After an excision of a high-flow AVM, there is the potential risk for postoperative neurological complications due to NPPB which leads to hyperemia, cerebral edema, and intracranial hemorrhage without evidence of residual AVM . Patients at risk for NPPB may benefit from blood pressure control and sedation. The challenge for the anesthesiologist is to select a technique that minimizes perioperative hemodynamic instability, provides analgesia, and diminishes the risk of postoperative complications. Our case report showed that intraoperative loading of dexmedetomidine provided smooth transition from intraoperative to postoperative patient care. It contributed to a smooth recovery without cardiovascular instability and had the advantage of postoperative neurological assessment due to conscious sedation.
In postoperative sedation of obstetric patients, no sedative drug has been reported as the drug of choice due to a lack of adequate or well-controlled studies. Propofol may be associated with lower initial Apgar scores at the time of cesarean section and may cause mild metabolic acidosis during a long neurosurgical procedure in pregnant patients. Moreover, in several countries, including Japan, propofol is stated by the manufacturer to be contraindicated during pregnancy [3, 6]. Benzodiazepines present the risk of congenital malformations, and central nervous system abnormalities, respiratory depression, floppy infant syndrome, and potential neonatal withdrawal [7, 8].
Dexmedetomidine is a highly selective alpha-2 adrenergic agonist which is a useful agent because it provides anxiolytic and sympatholytic effects, analgesia, and conscious sedation without respiratory depression. The existing literature reports on dexmedetomidine use in pregnant patients who underwent neurosurgery are limited. Recently, Handlogten and colleagues revealed that dexmedetomidine infusion allowed adequate sedation for an awake neurosurgical procedure in a pregnant patient without causing any adverse effects . For pregnant patients, several studies mentioned that dexmedetomidine was used safely in many interventions such as sedation during noninvasive ventilation , as an alternative for maintenance of general anesthesia [9, 11], blunt hemodynamic response to intubation, and maintained hemodynamic stability without neonatal respiratory depression during cesarean section under general anesthesia [12, 13]. However, it can cross the placenta to the fetus [12, 14]. Dexmedetomidine use is recommended only if the benefit is clearly needed and the benefits overcome the risks to the fetus.
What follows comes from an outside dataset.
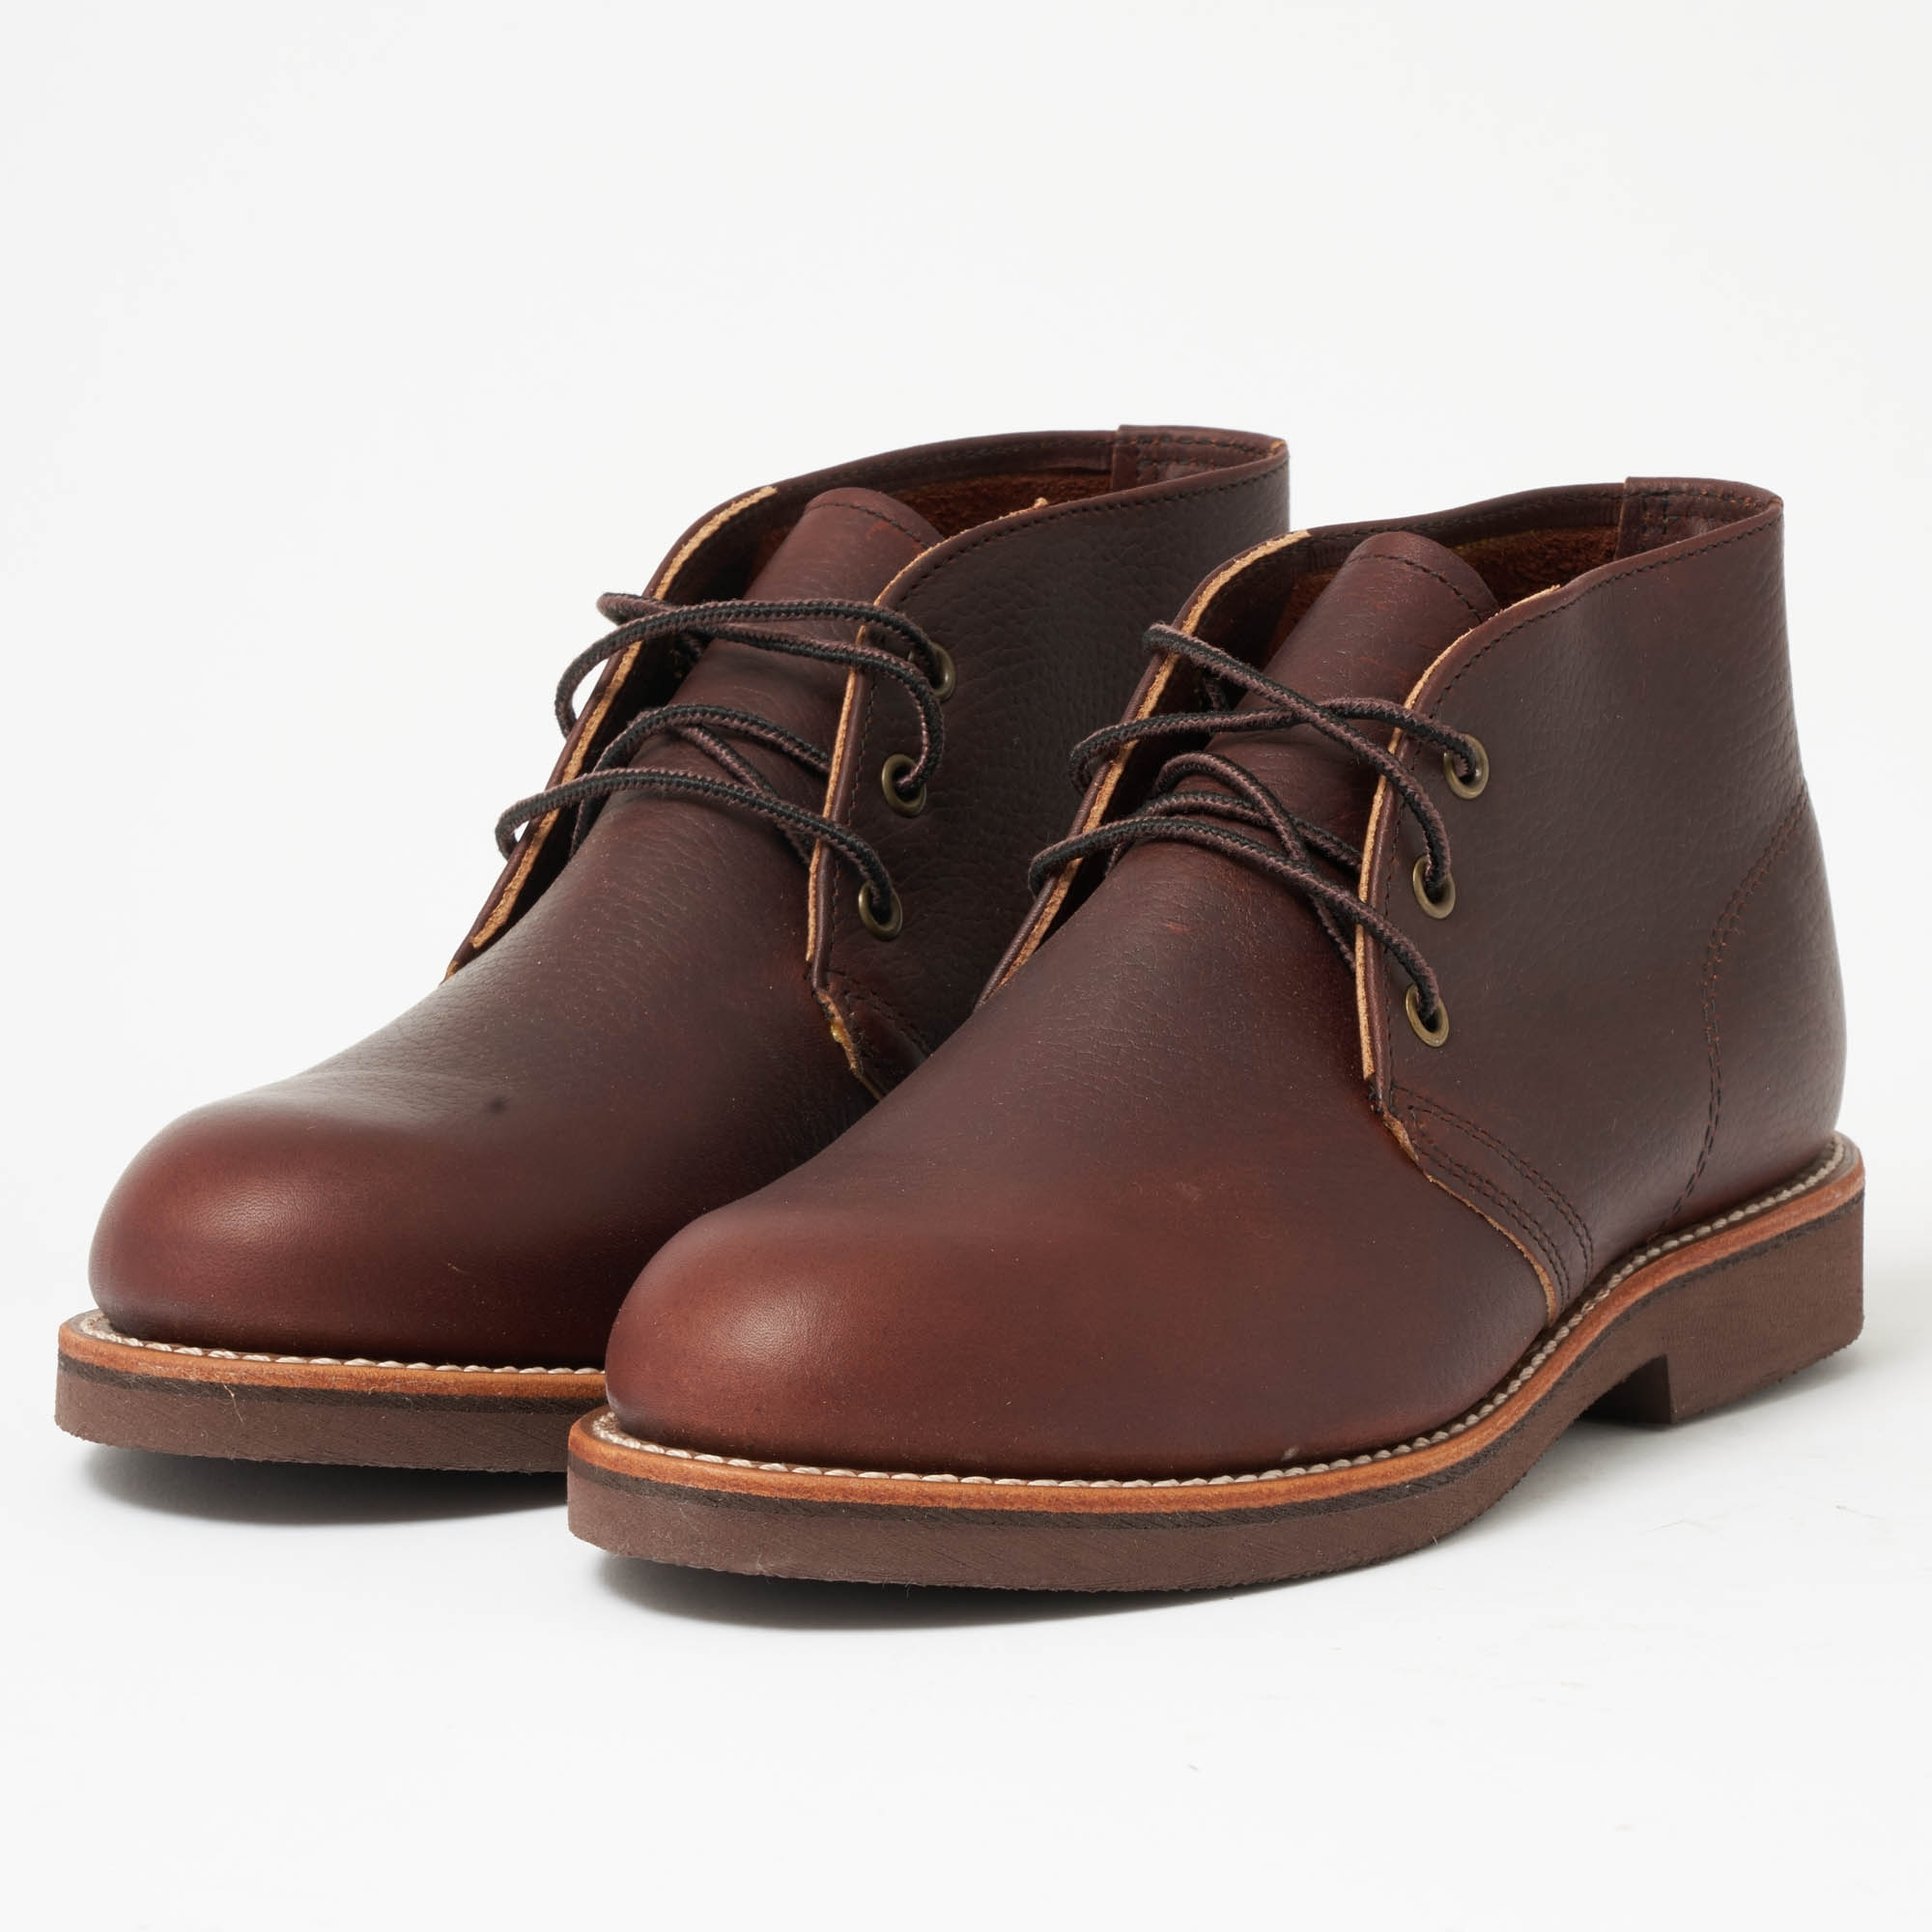 Foreman Chukka Briar Brown Boot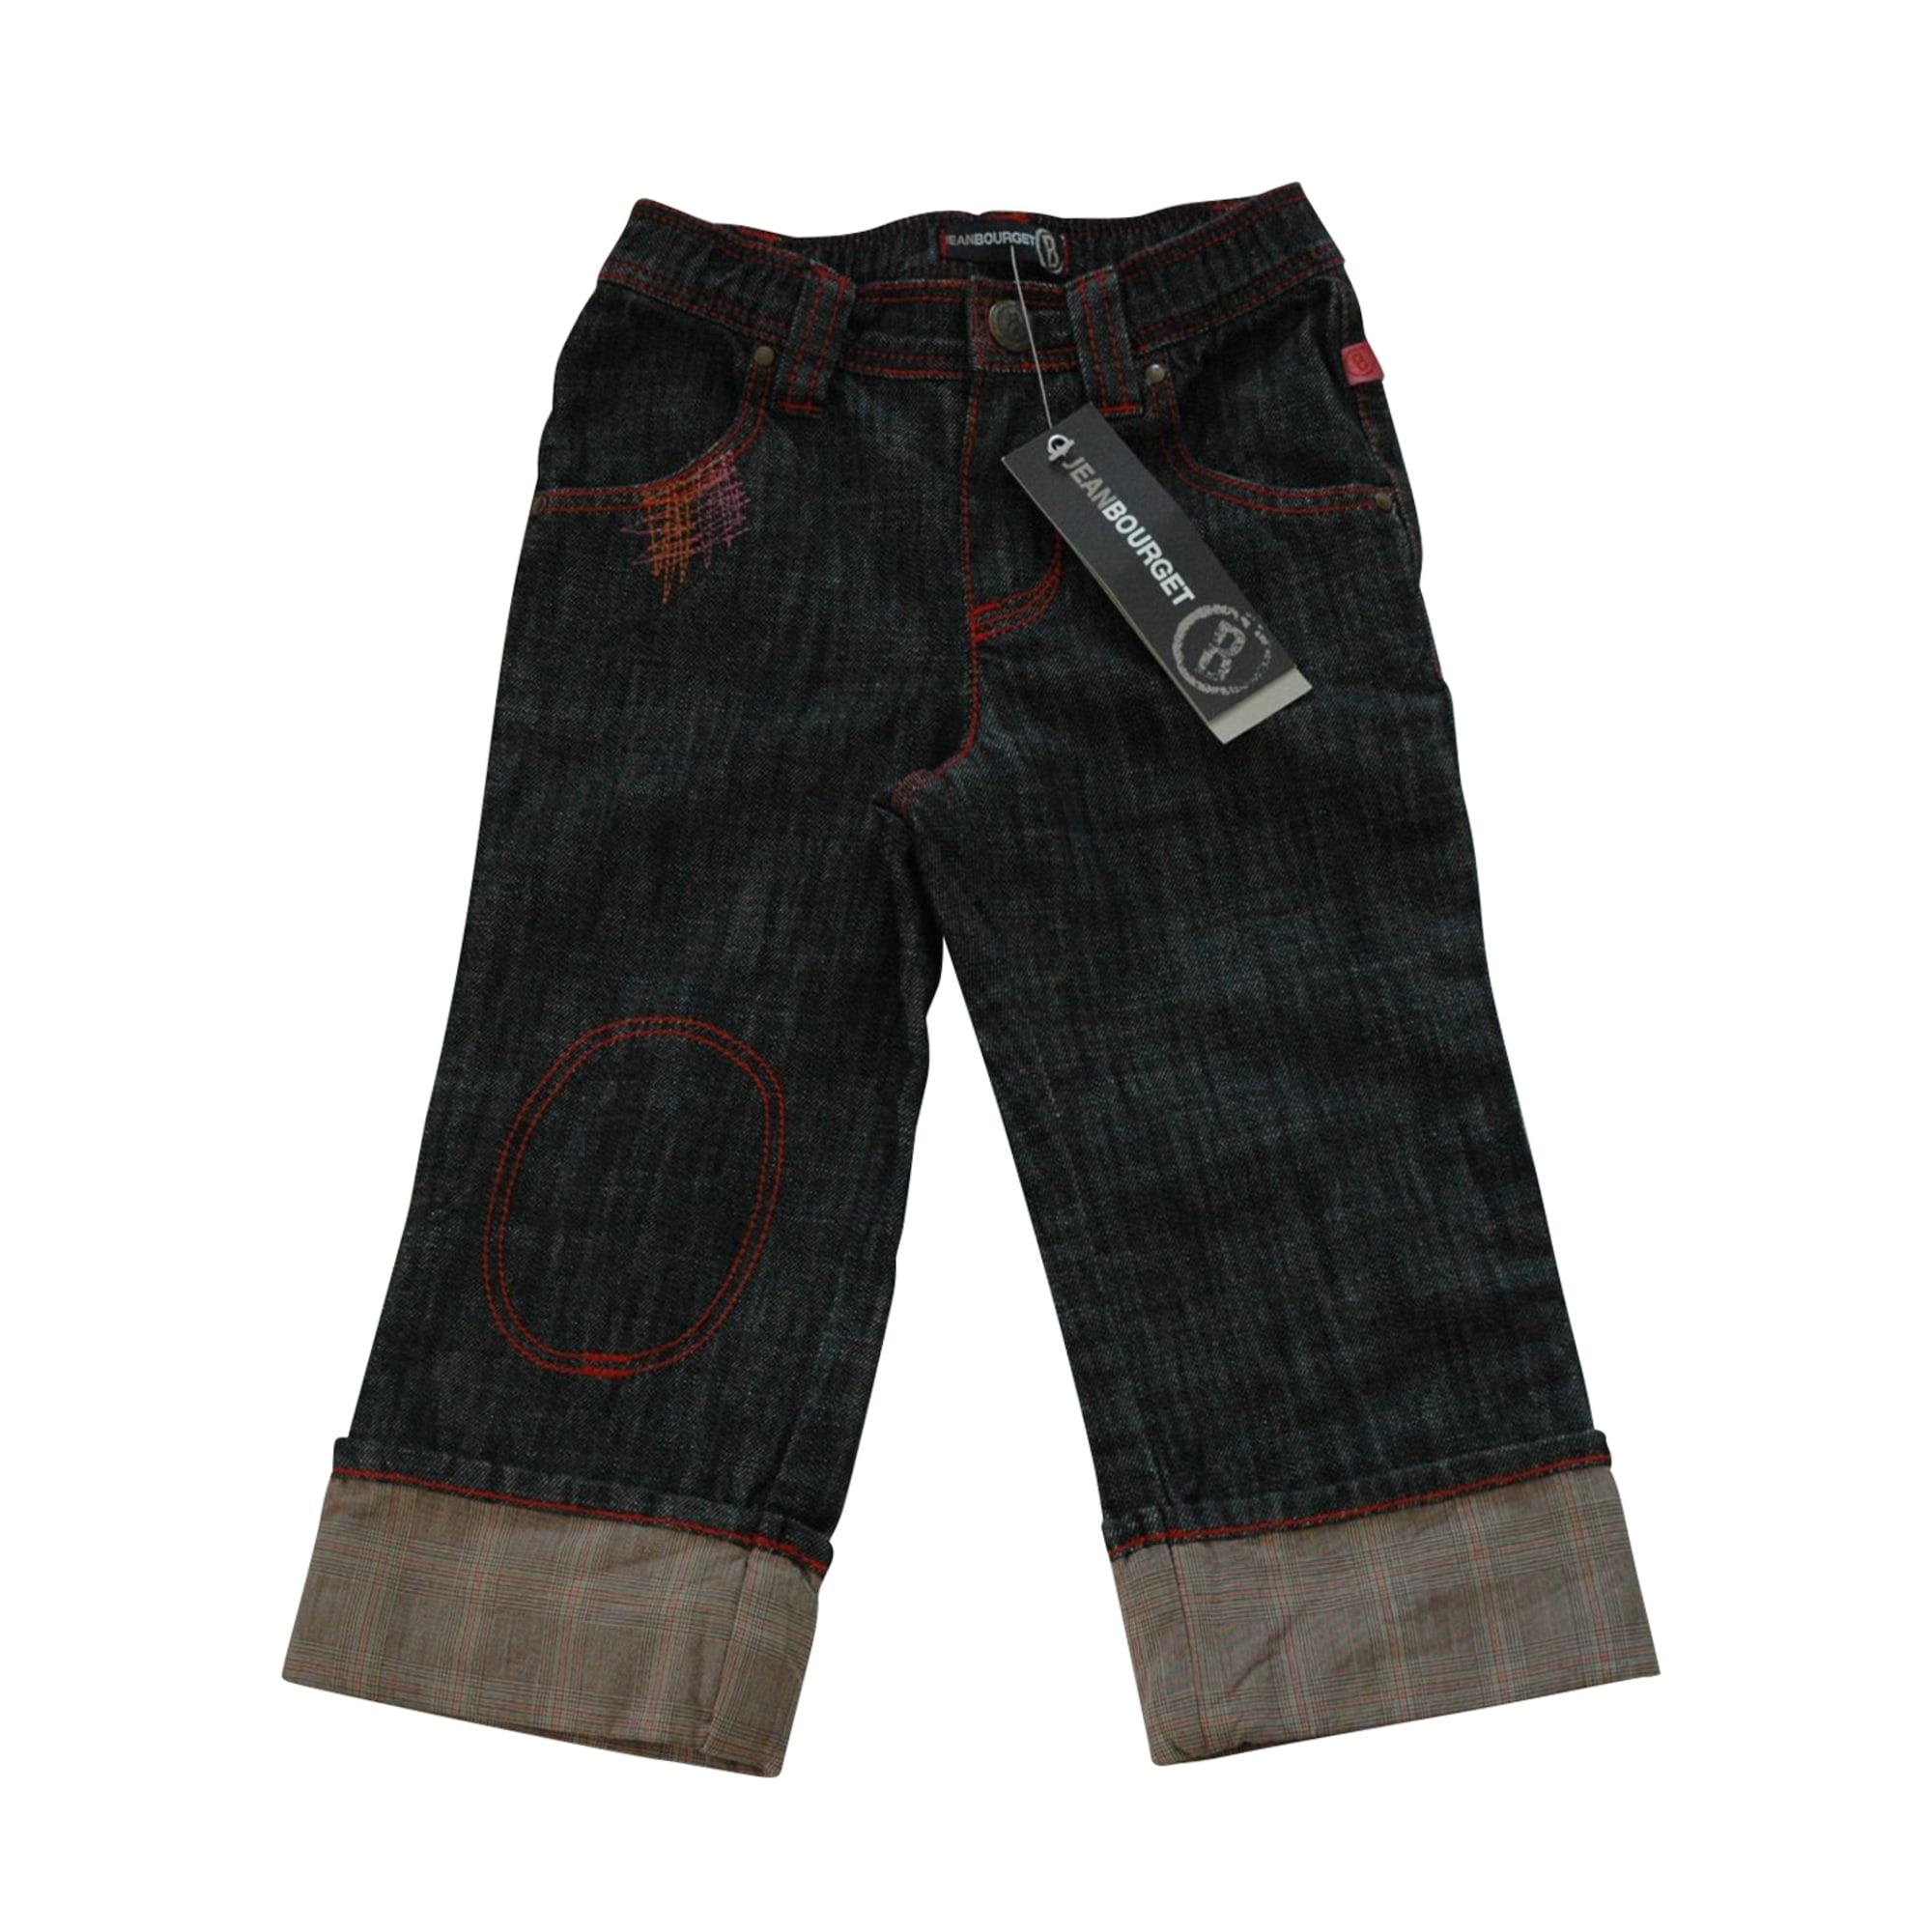 Ensemble & Combinaison pantalon JEAN BOURGET Multicouleur

In neurosurgery, dexmedetomidine decreases cerebral blood flow that could be the result of a decrease in cerebral metabolic activity [15, 16]. The Acute Neurosurgical ICU Sedation Trial reported that sedation with dexmedetomidine improved the cognitive score compared with propofol . For postoperative care, a meta-analysis by Jin and colleagues found that continuous infusion of dexmedetomidine had the advantage of preventing postoperative nausea and vomiting and could reduce potential adverse events such as bradycardia and hypotension . Su and colleagues studied the opioid-sparing effect of perioperative dexmedetomidine plus sufentanil infusion during neurosurgery and reported that dexmedetomidine (0.02 mcg/kg/h) plus sufentanil (0.02 mcg/kg/h) could reduce postoperative opioid consumption and improve pain scores . Besides, dexmedetomidine was associated with a notably lower incidence of postoperative delirium [20, 21].